Kurt Wünsche (born 14 December 1929) is a former German politician who was twice Minister of Justice of the German Democratic Republic.

Wünsche grew up and received his schooling in Dresden. In 1946, he became a member of the Liberal Democratic Party of Germany (LDPD), and was until 1951 an official of the LDPD local district association (Kreisverbandes) in Dresden and the state association (Landesverbandes) of Saxony. From 1951 to 1954 he was the head of the LDPD department organising the party's central executive. After the events of the 17 June 1953, he was suspected as a foreign agent and temporarily detained by the Stasi.
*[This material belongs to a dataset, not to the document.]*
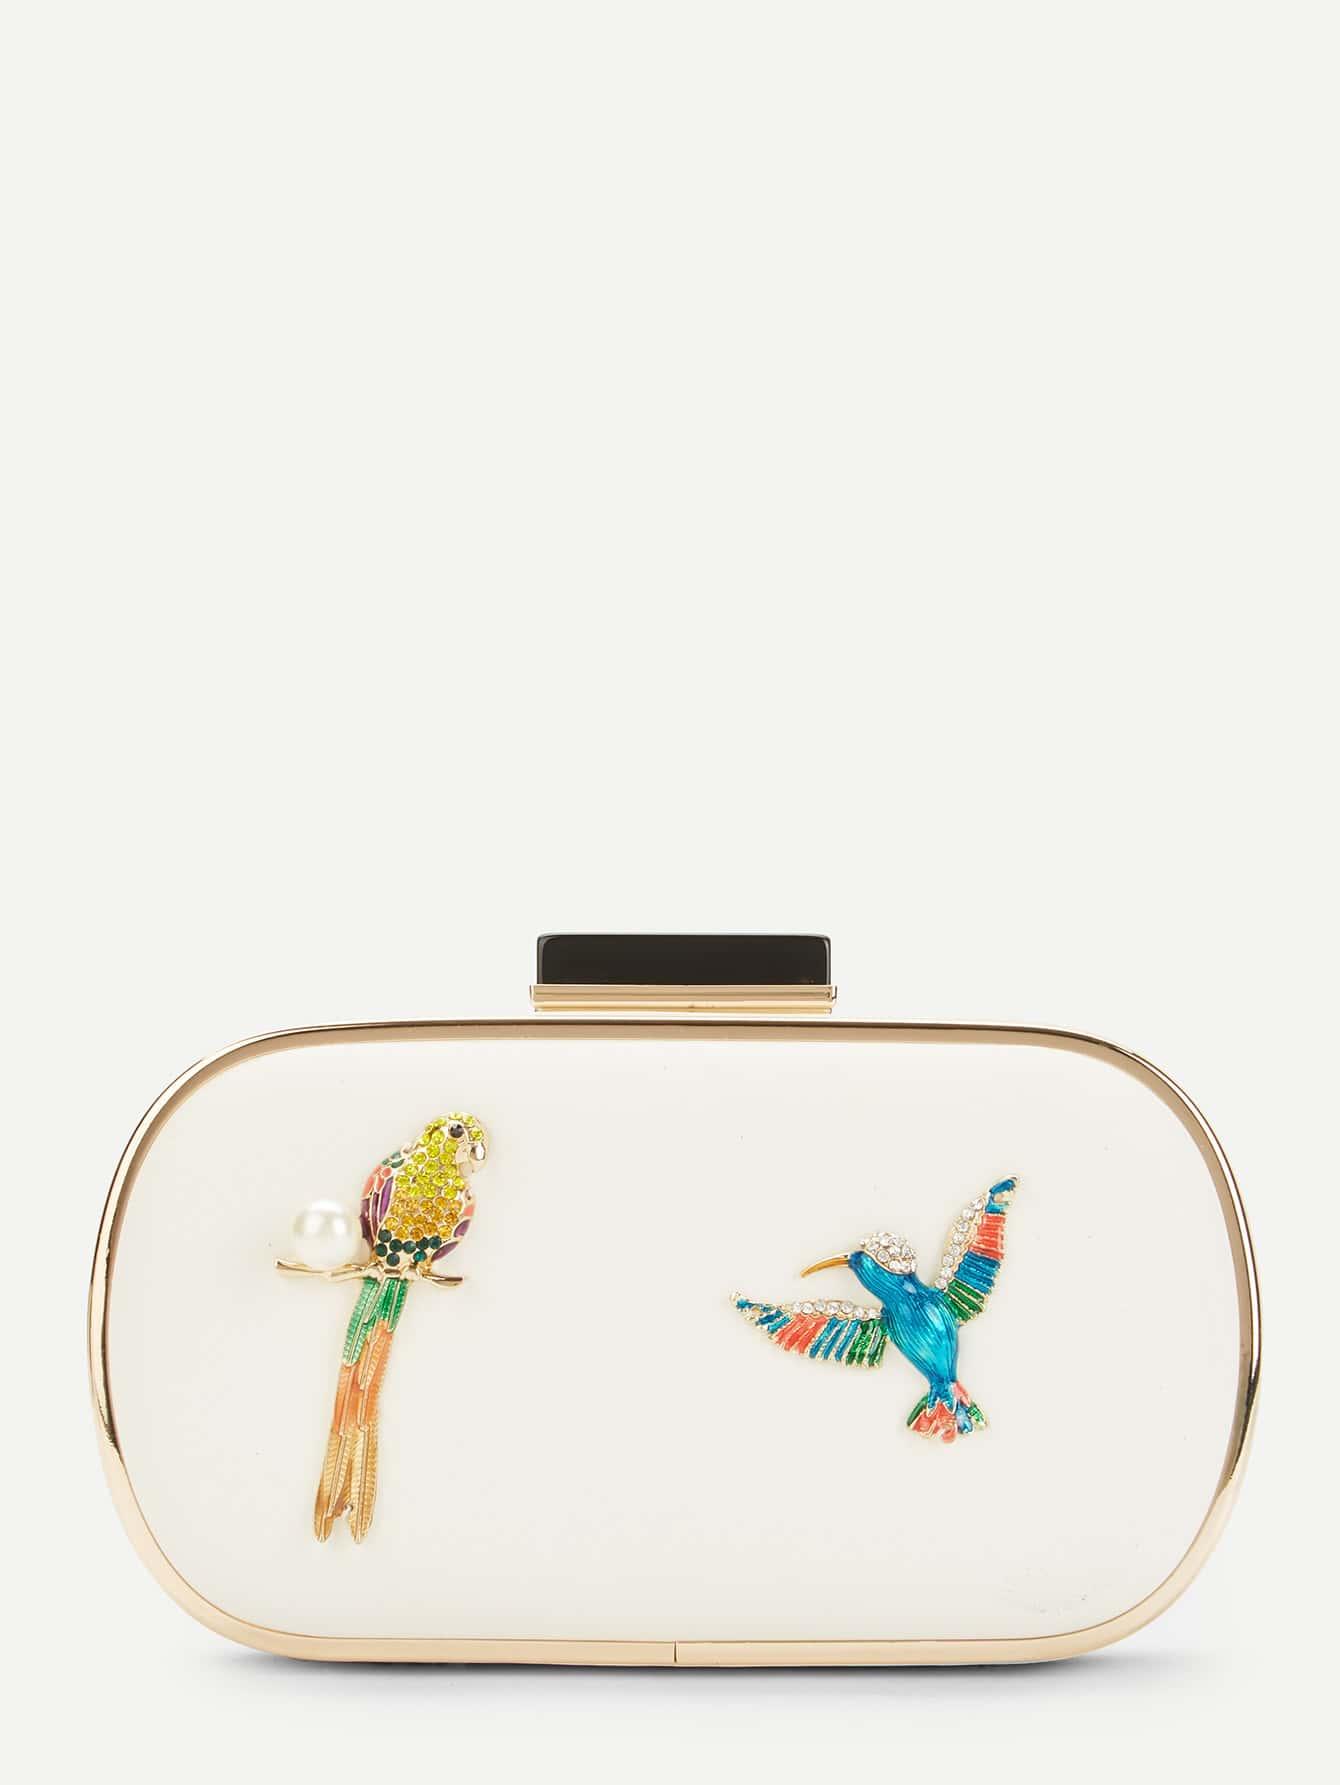 Фото - Bird Pattern Clutch Chain Bag fawziya bird clutch bags for womens evening bag hard case rhinestone

After 1954, he was a member of the LDPD Political Committee, and a Secretary and Deputy Secretary General, while in 1967 he was made deputy chairman of the LDPD.

Between 1954 and 1959, he completed a correspondence PhD in Law from the Walter Ulbricht Academy of Law and Political Science in collaboration with Manfred Gerlach; his thesis was entitled "Function and development of the Liberal Democratic Party of Germany in the multi-party system of the German Democratic Republic". 

From 1954 to 1972, he was a LDPD deputy to the Volkskammer, first as a member of the Youth Committee, then of the Judiciary Committee, and finally of the Legal Committee. In 1965, he became one of the nine Deputy Chairmen of the Council of Ministers. In 1967, he succeeded Hilde Benjamin as Minister of Justice, a position he held until 1972.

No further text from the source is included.